I am expected to finish my Ph.D. by the end of the year and I am seriously considering going for a second one. After finishing my master's in Biomedical Engineering, I became interested in Machine Learning and self-taught myself until I eventually landed a Ph.D. project in healthcare. At the risk of sounding cliché, the further I explored the field of ML, the more I felt my competencies were shaky at best. Now, this is not your typical "the more I know, the more I know I don't know" dilemma, since I have never had a formal background in the field.
Sadly, I now realize this Ph.D. was a terrible career choice, as was my choice of Biomedical Engineering for a minor/major.
Biomedical Engineering was a very fun but very challenging major. Fun in the sense that I had exposure to nearly all science fields. Challenging because I had first-contact courses at the level of other Engineering programs that had pre-requisite courses, forcing me to learn an insane amount of material in a semester, only to forget everything afterward since there was no follow-up. Thus, I feel like a true impostor, and sometimes I wonder if I should do another more focused major.

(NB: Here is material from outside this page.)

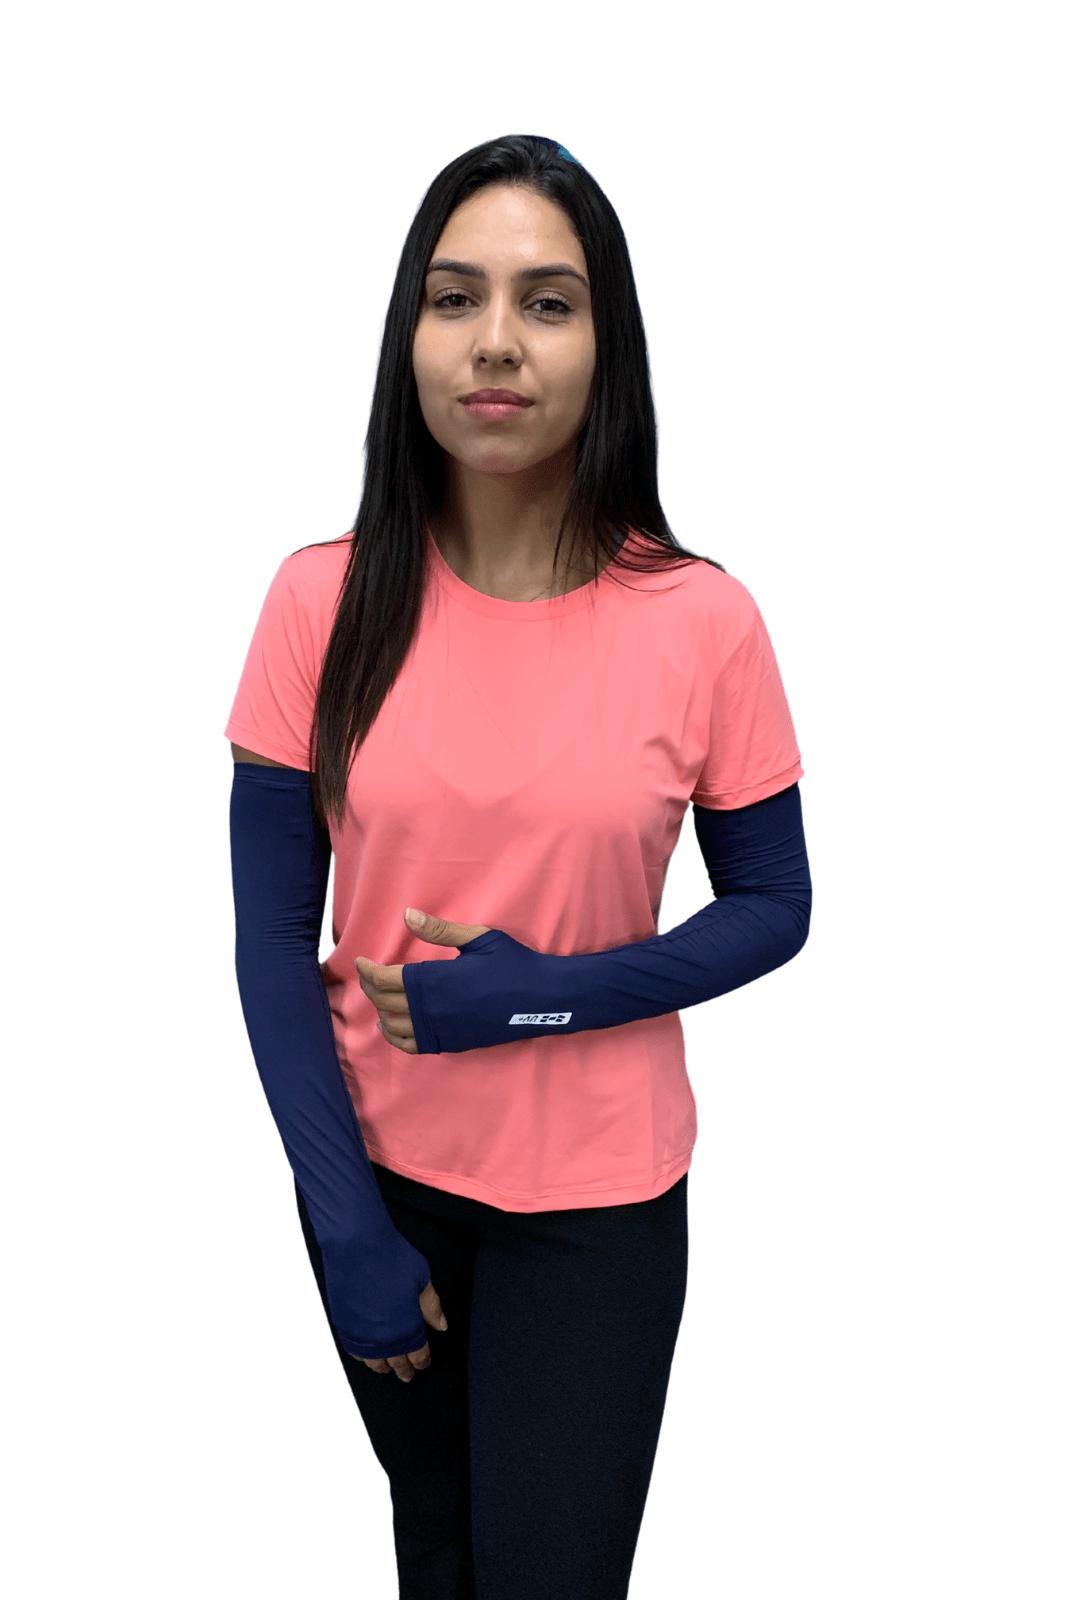 Par de Manguito Liso Proteção para Braços UV 50+ com Punho - Marinho
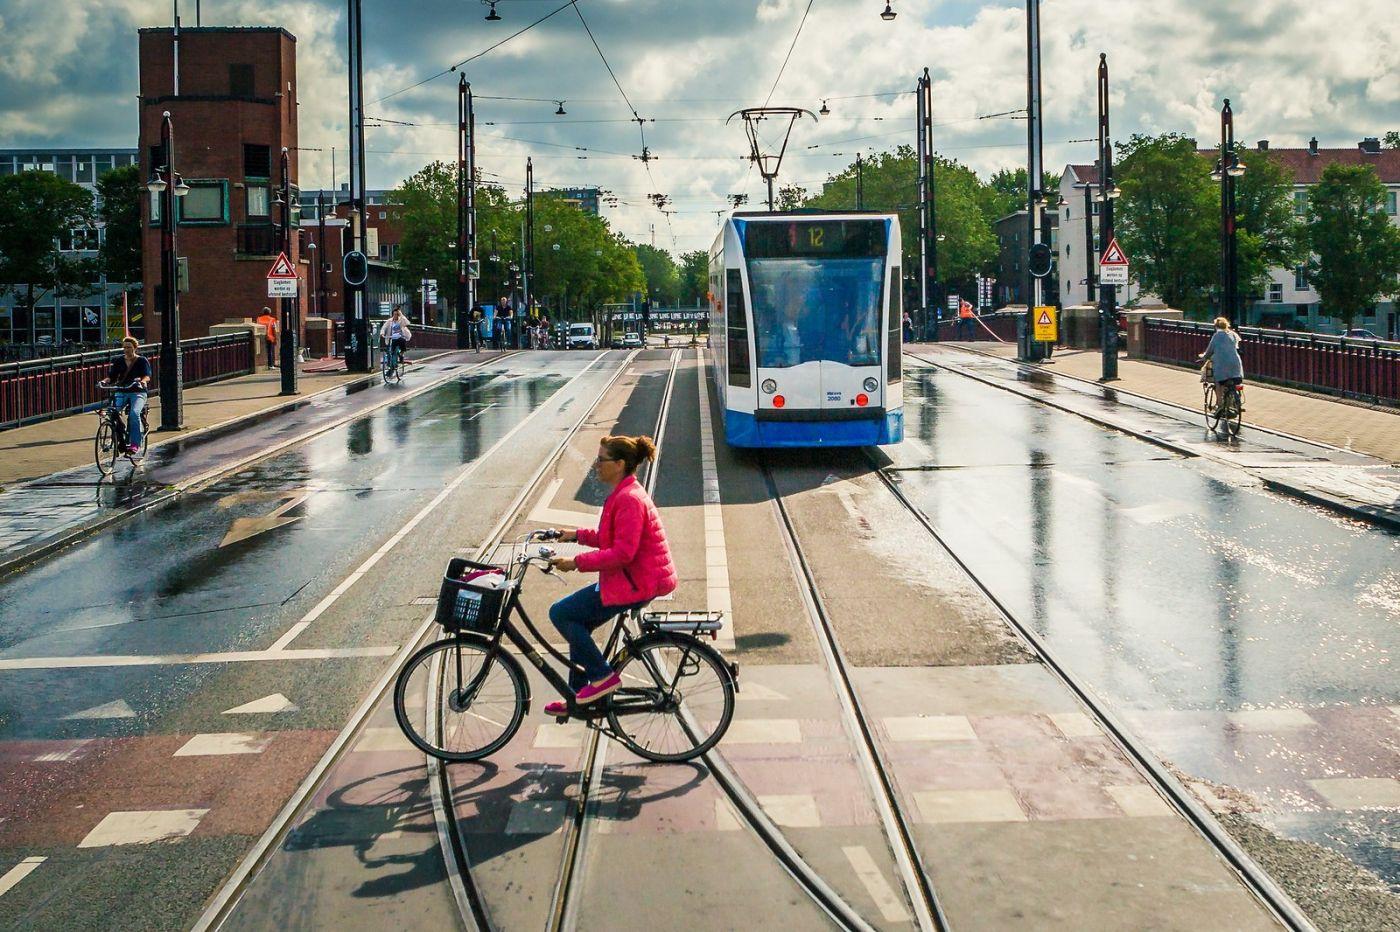 荷兰阿姆斯特丹,穿梭的自行车_图1-31

Regarding the Ph.D., I am in a peculiar position since I am pretty much the only one doing ML research in my group and the university does not offer graduate ML courses. Furthermore, since the funding comes from a European project with a specific goal, I have a very narrow set of tasks. I tried to learn everything I could myself, but since I never had a project where I could apply my new knowledge, I ended up needing to learn things over and over.
I would not say I was unsuccessful at all. I have published a technical paper in a top-tier ML conference and a clinical one in a top-tier medical journal (and have two of each kind just about ready to submit before I graduate). However, when I am looking for my next steps, I still feel like I barely know anything and that I will feel like an incompetent forever. I have a good relationship with my supervisor, but he has not published anything in the field for a very long time, so I am pretty much on my own all of the time. I like the freedom I have, but not having someone with field experience to discuss my ideas made me pursue a dead-end path for more than a year. Also, I am now struggling to incorporate the feedback I got when my last technical paper was rejected at a top-tier conference.
Thus, I would like some advice regarding my next move. I am confident I could take a few more practical data science courses to mitigate my blind spots (NLP, I am looking at you) and get hired for a standard Data Scientist job, but ideally, I would like to continue working in a science field. I am therefore wondering whether I should do another, proper Ph.D. since this one was a fraud. I am desperate to feel like I am knowledgeable about something for once in my life and that I am progressing towards a goal I am excited about.
Sorry for the long text. I appreciate your advice.